Again, that’s not what the spate of GOP-sponsored voter ID laws are designed to do. That is their practical outcome, though, and disenfranchising 3% of the US population by race is an outcome that demands a very good explanation. So far, that explanation has not been forthcoming. There were almost certainly cases of voters misrepresenting their identities in the 2008 and 2010 elections, but we don’t know about them. We do know that 25% of African-Americans do not have government-issued photo ID.

To a reasonable legislator, the prospect of disenfranchising a quarter of the black population would demand proof of significant fraud to make any ID law a net positive. But the Republican Party of 2012 appears to be short on reasonable legislators and long on savvy politicians. The 2012 GOP does not need evidence of fraud, because for them fraud is the only plausible explanation for what happened in 2008.

It is not possible that America picked a black lawyer to be president instead of a white war hero. It cannot have happened because the the party had just seated one of the worst presidents in American history, or because their war hero ran a staggeringly inept campaign, or because their increasingly radical platform appeals to a rapidly dwindling constituency. All of those explanations would require a GOP that has decided its ends justify any means to consider that it might be fallible.

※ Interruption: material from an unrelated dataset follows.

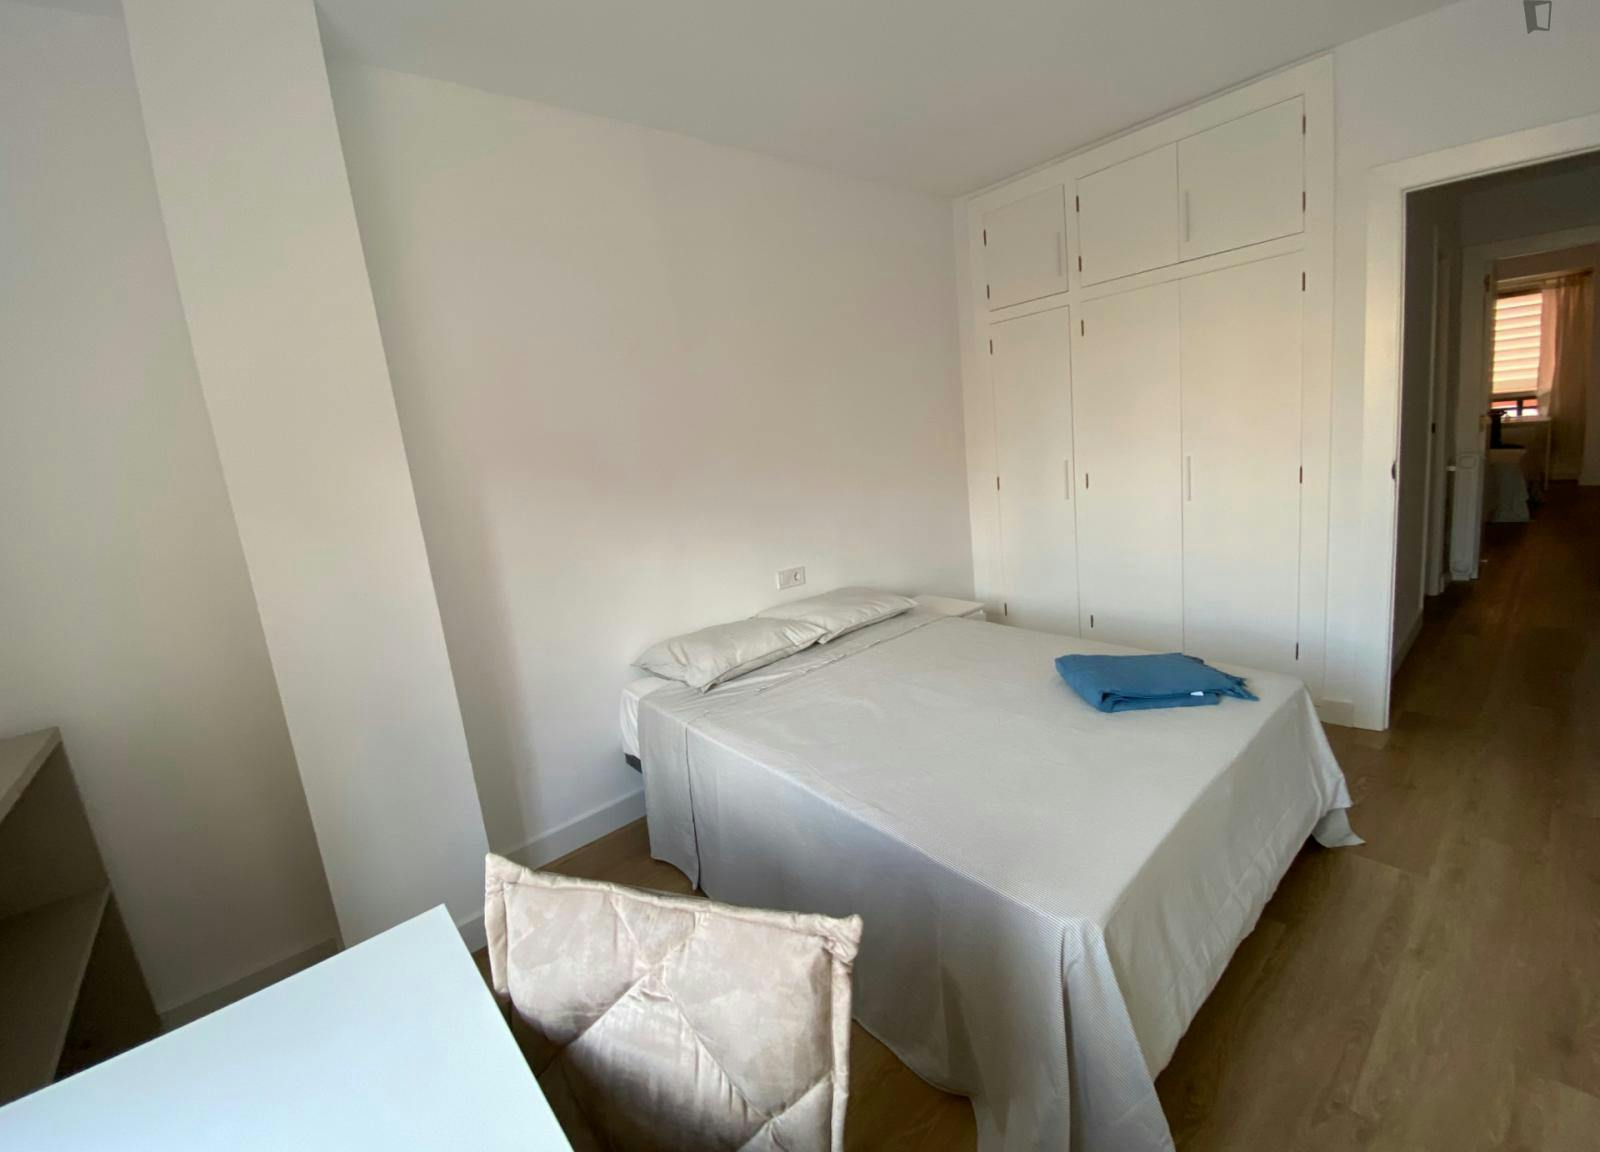 Great Bright Bedroom in UPMOST CENTRAL and fully RENOVATED Apartment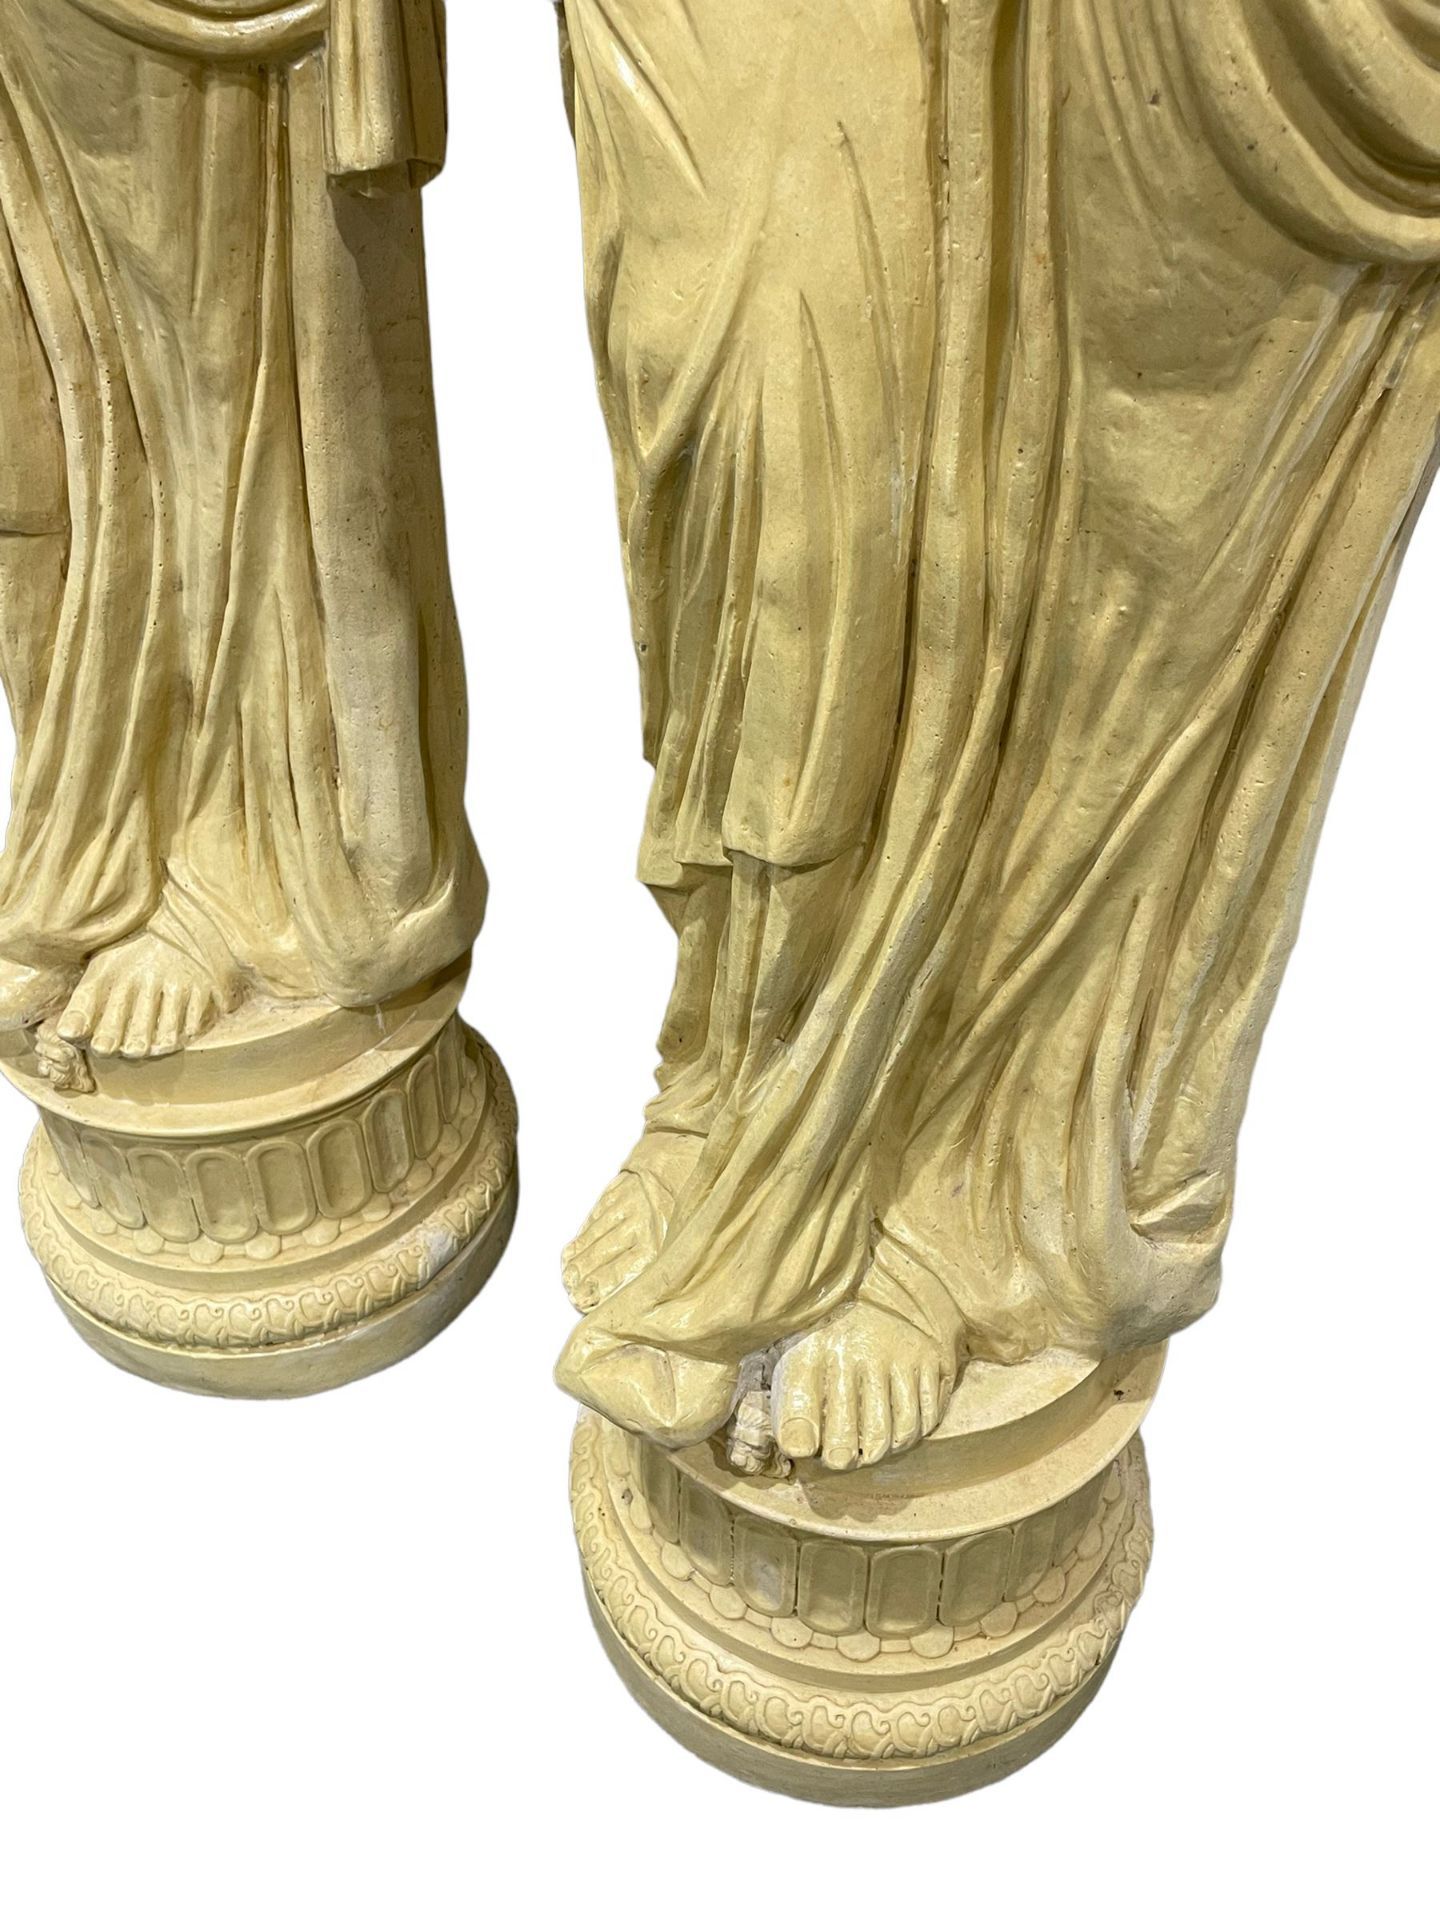 A Pair Of Greek Style Caryatid Columns, Square Top With Gadroon Underbelly, The Semi-Nude Female - Image 6 of 8

Better to declare the election of 2008 wasn’t real, and to take steps to ensure that 10 million people who are likely to want Barack Obama to be president can’t impose their illegitimate wills again. Don’t get me wrong: I think conservative politics has a lot to offer the United States, especially now. I question the value of a party that would invest so many resources in a national campaign to fight voter fraud, however, when we have almost no evidence that it exists. Imagine what the Republican Party could accomplish if it addressed a real problem. Imagine how many votes that would get them.